● **INFORMATION SUPPLIED**:
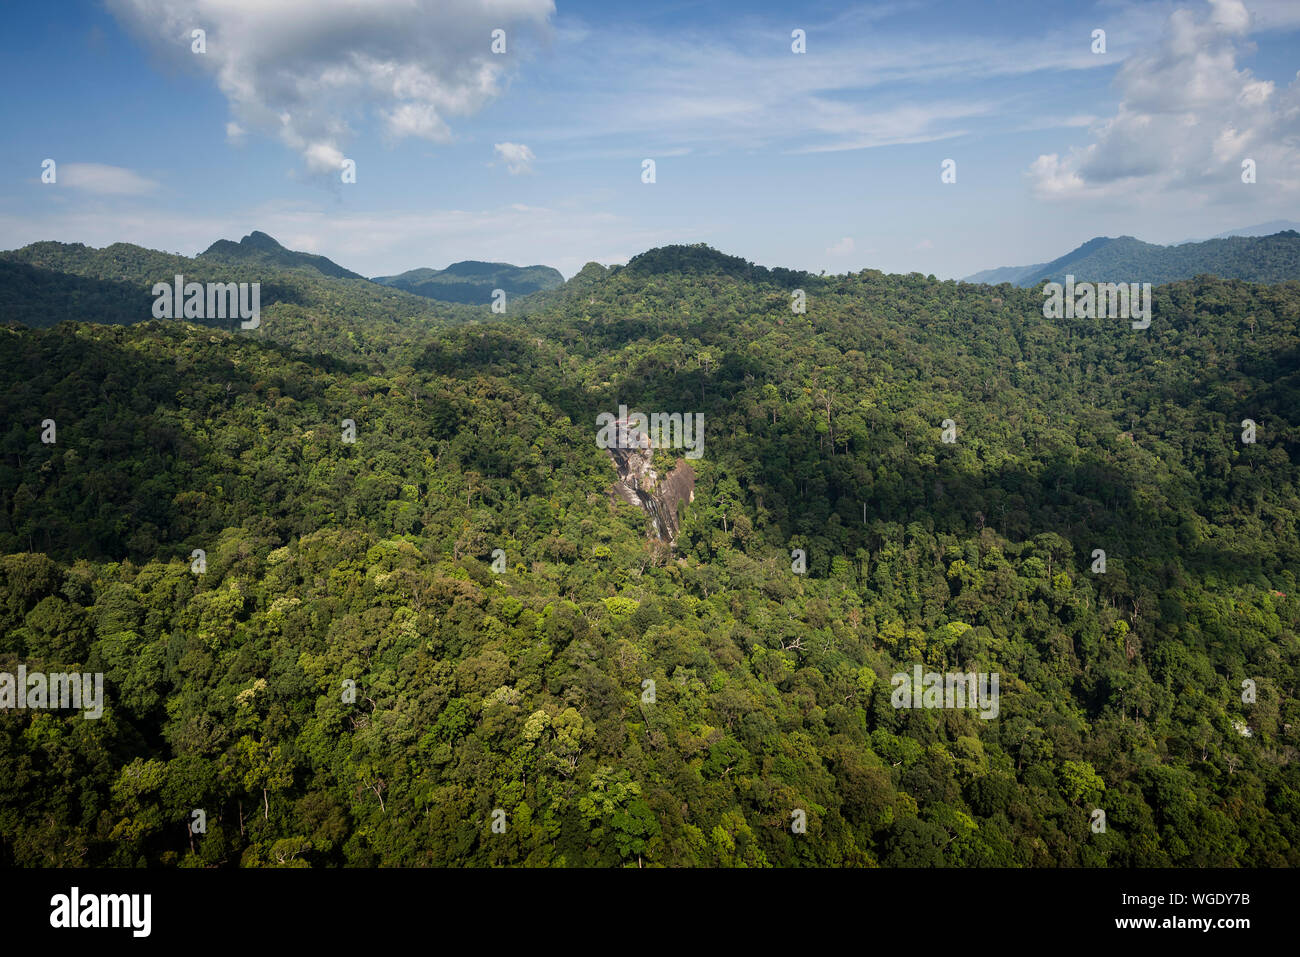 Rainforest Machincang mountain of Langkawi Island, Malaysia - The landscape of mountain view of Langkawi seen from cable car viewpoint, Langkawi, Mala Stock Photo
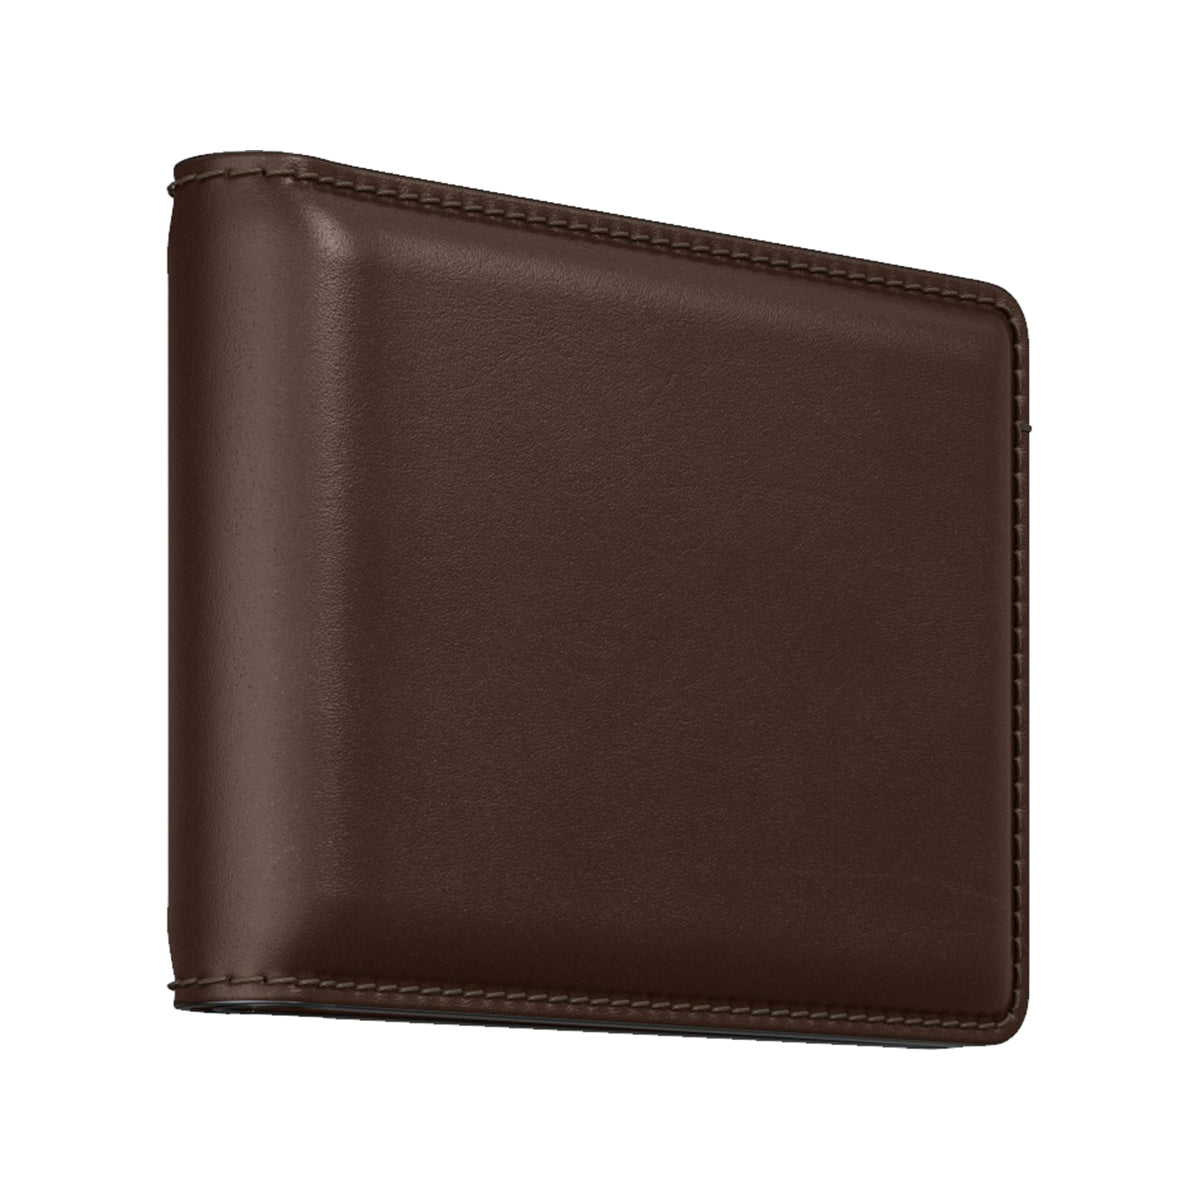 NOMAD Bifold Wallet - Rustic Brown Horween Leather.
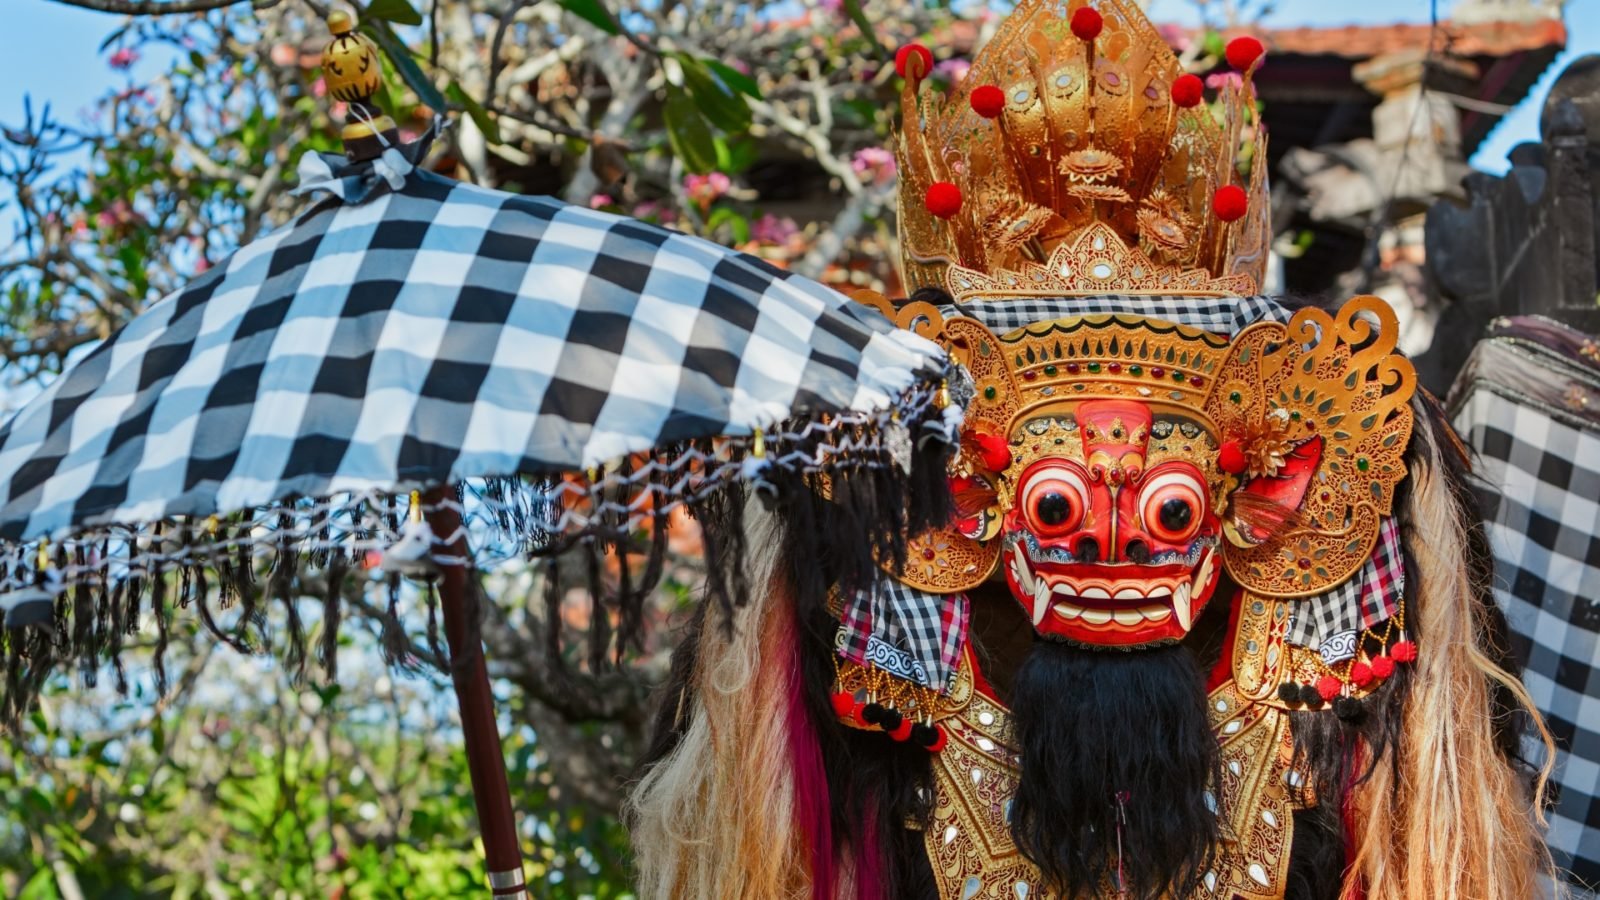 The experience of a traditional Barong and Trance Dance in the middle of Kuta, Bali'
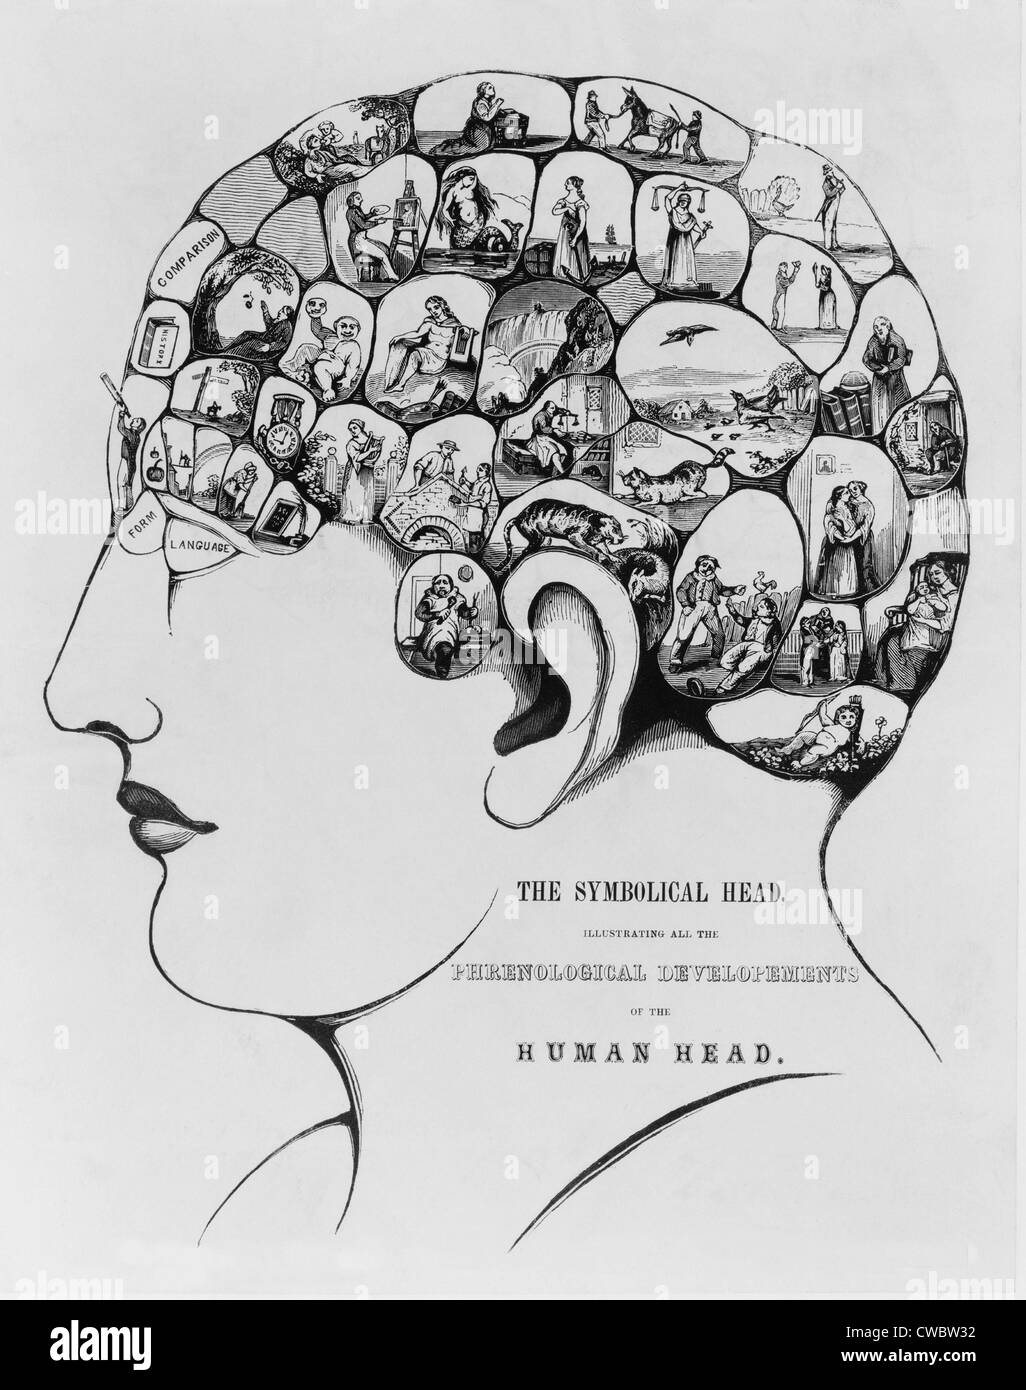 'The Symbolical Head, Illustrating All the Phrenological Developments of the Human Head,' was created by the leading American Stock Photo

● **TO DO**: Please, without any of the pictures, set down exactly the lines from the beginning of the listing to the line that contains "The experience of", inclusive.

● **ANSWER**:
 Rainforest Machincang mountain of Langkawi Island, Malaysia - The landscape of mountain view of Langkawi seen from cable car viewpoint, Langkawi, Mala Stock Photo
 NOMAD Bifold Wallet - Rustic Brown Horween Leather.
 The experience of a traditional Barong and Trance Dance in the middle of Kuta, Bali'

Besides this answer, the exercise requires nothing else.